Security in the field. Ahura Scientific's (Wilmington, MA) handheld instrument TruScan can be used for product and raw material authentication in the field or in analytical laboratories. The device uses Raman spectroscopy to rapidly identify products and detect counterfeit or adulterated drugs. In a field setting, product samples can be quickly screened to determine whether they are consistent with the authentic formulation; further analysis can be carried out in a laboratory if the exact composition of the counterfeit is needed.

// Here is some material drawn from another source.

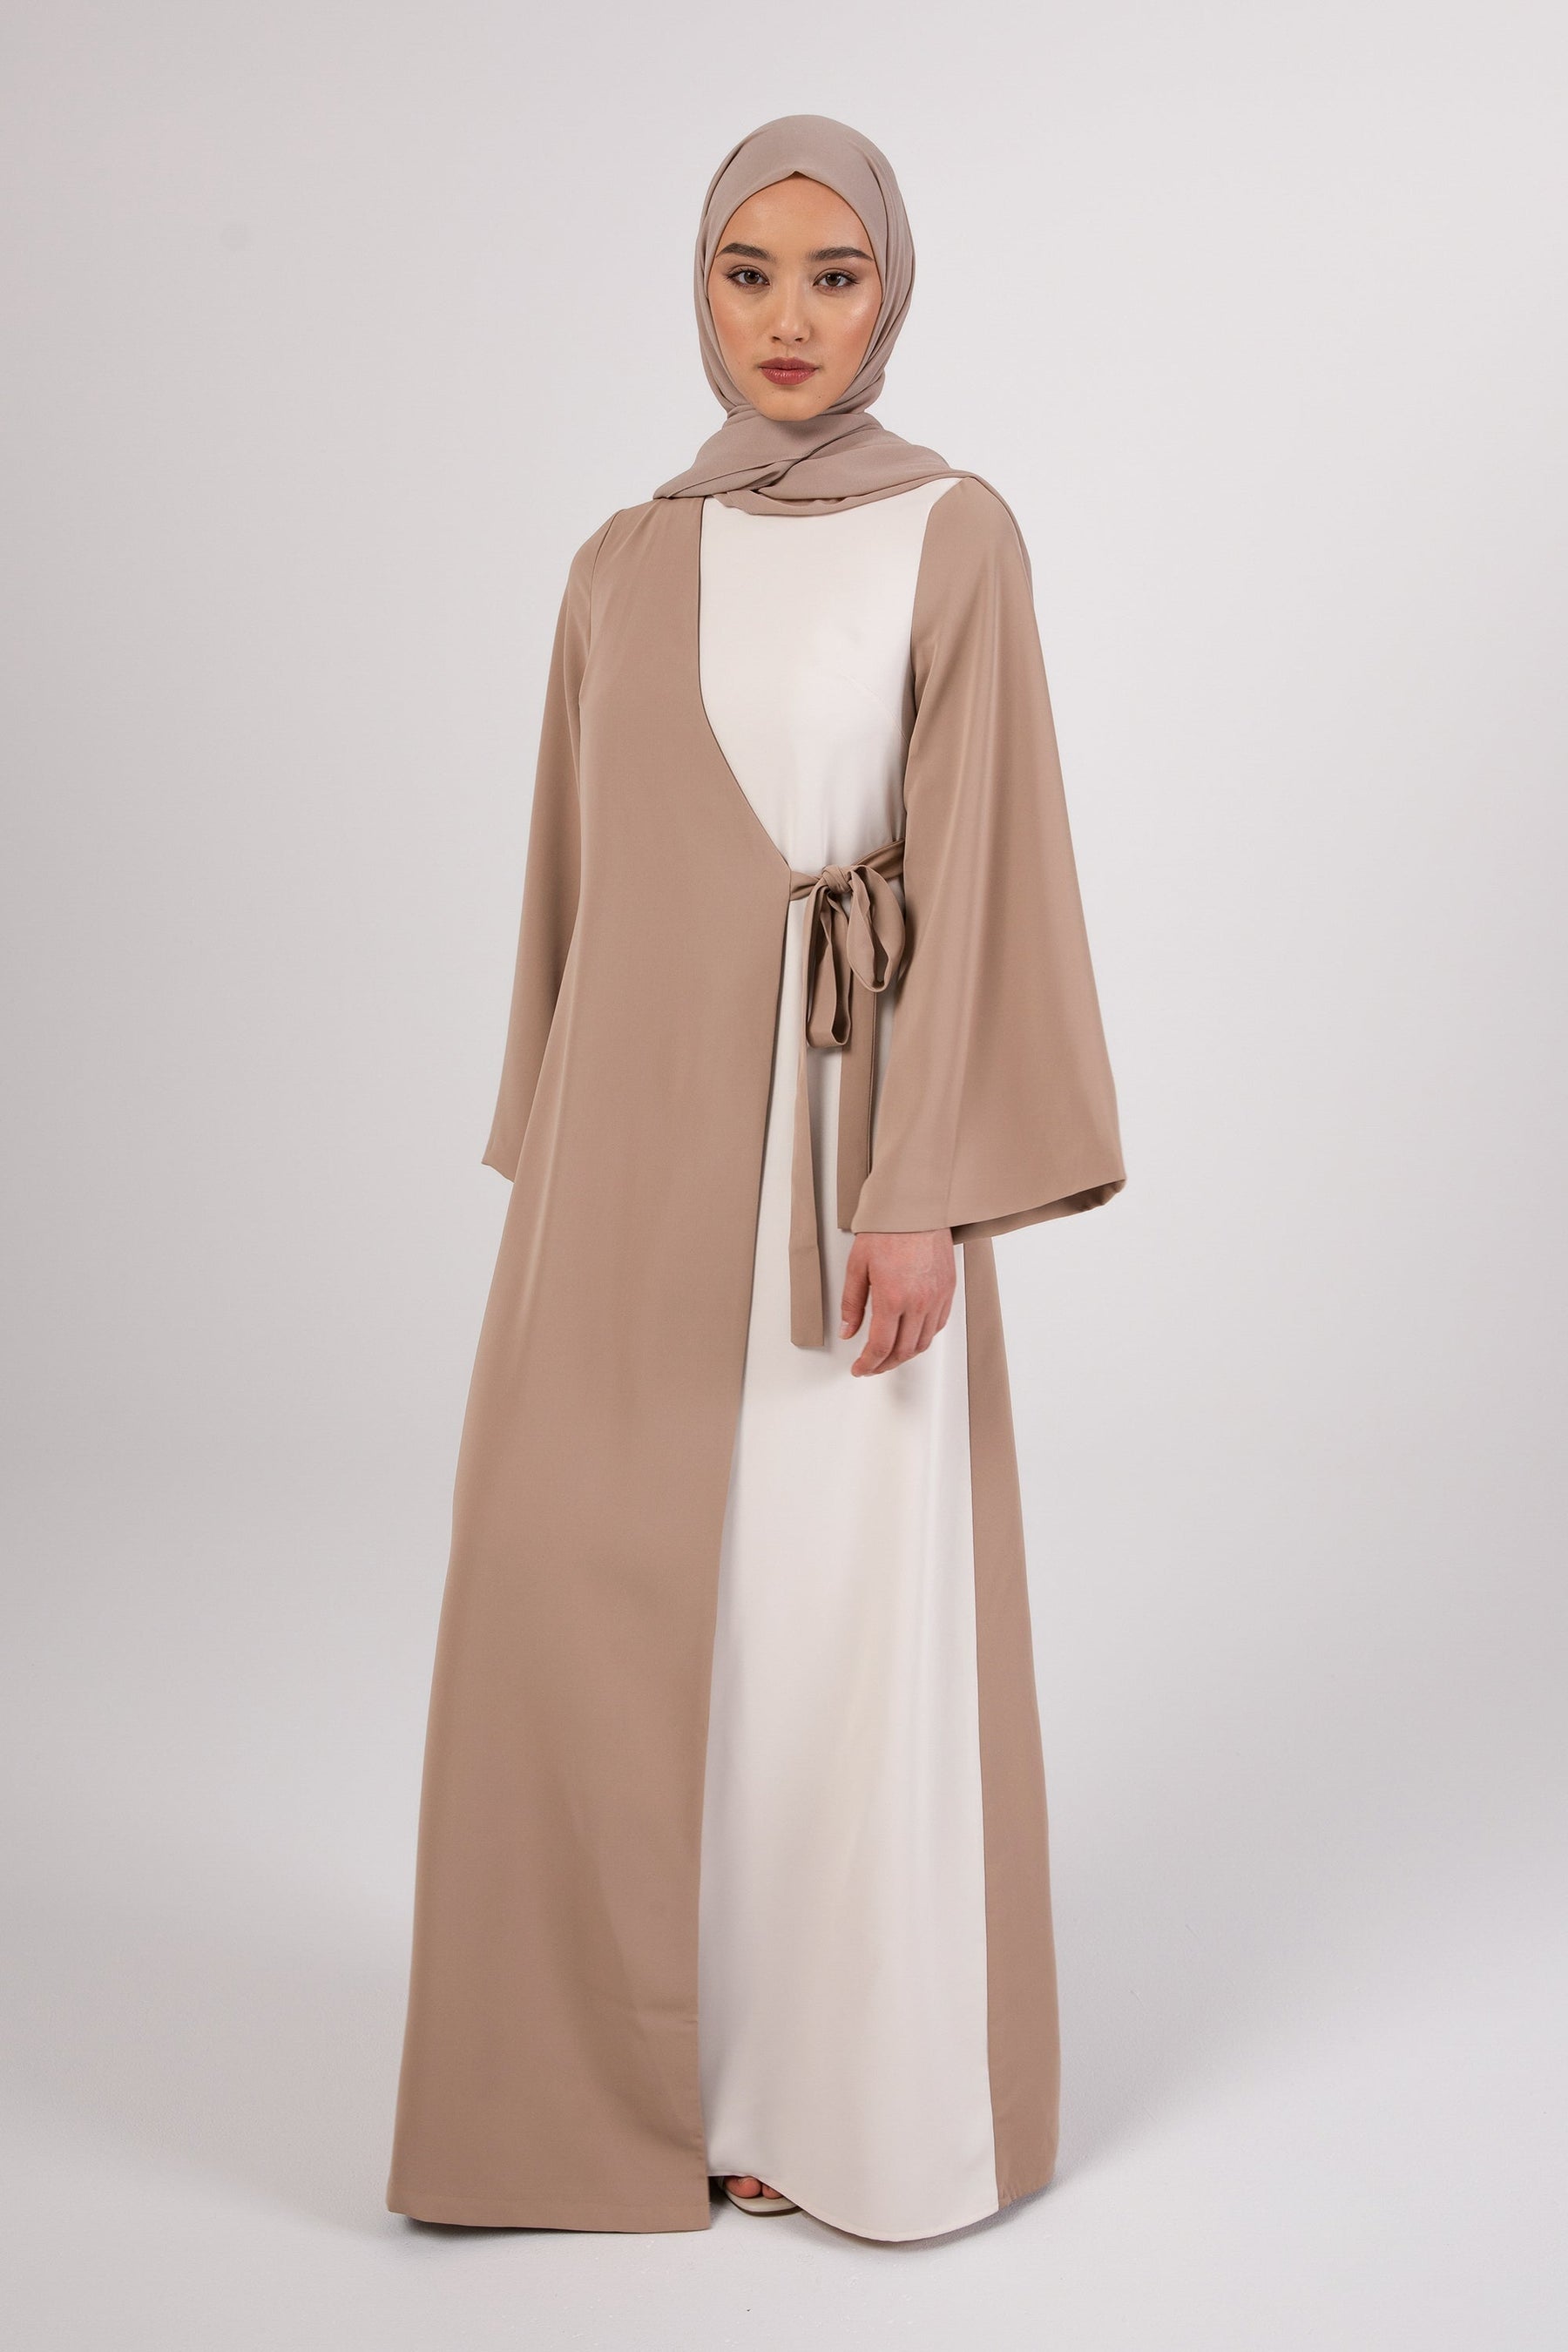 Omaya Two Tone Wrap Front Maxi Dress - Caffe Veiled

Figure 2. The SMART Container from ODIN is deployable in less than 60 seconds inside any ISO standard shipping container. (ODIN TECHNOLOGOES)
Julien Bradley, director of business development at Ahura Scientific, says dosage form authentication is as important as authentication of a product's packaging. "For many years, pharmaceutical companies focused on making their packaging more difficult to imitate and separately worked with law enforcement to catch and prosecute counterfeiters," he says. "With the introduction of TruScan, many of Ahura Scientific's customers are seeing the value in authenticating not just the packaging, but the dosage form of a product itself—which is what really matters, given that patients don't consume the packaging."

Launched in April 2009, the SMART Container from ODIN Technologies (Ashburn, VA) offers a new level of visibility in the supply chain. A shipping container can not only be tracked in-transit, but the automated system also provides information about the contents of the container. The system combines passive RFID to monitor an item's presence and placement inside a container with sensor technologies to determine environmental state. The system can detect if the container is opened and something removed, and can transmit that information to any enterprise resource planning system via satellite, cellular, and active RFID. The company also provides a web-based service that allows for real-time monitoring of containers.

The SMART Container system consists of a reader, a power source, an antenna array, and an Internet communication device all self-contained in a unit smaller than a typical airplane carry-on. Installation of the system is fast—the magnetic components make it deployable in less than 60 seconds inside any ISO standard shipping container, with no pieces outside the container that can be tampered with.

"Pharmaceutical companies tell us that the biggest problem is the loss of visibility in the supply chain, and the biggest challenge is going from one controlled facility to the next controlled facility," says Patrick J. Sweeney II, founder of ODIN. "The SMART Container is like having two security guards inside the container at all times."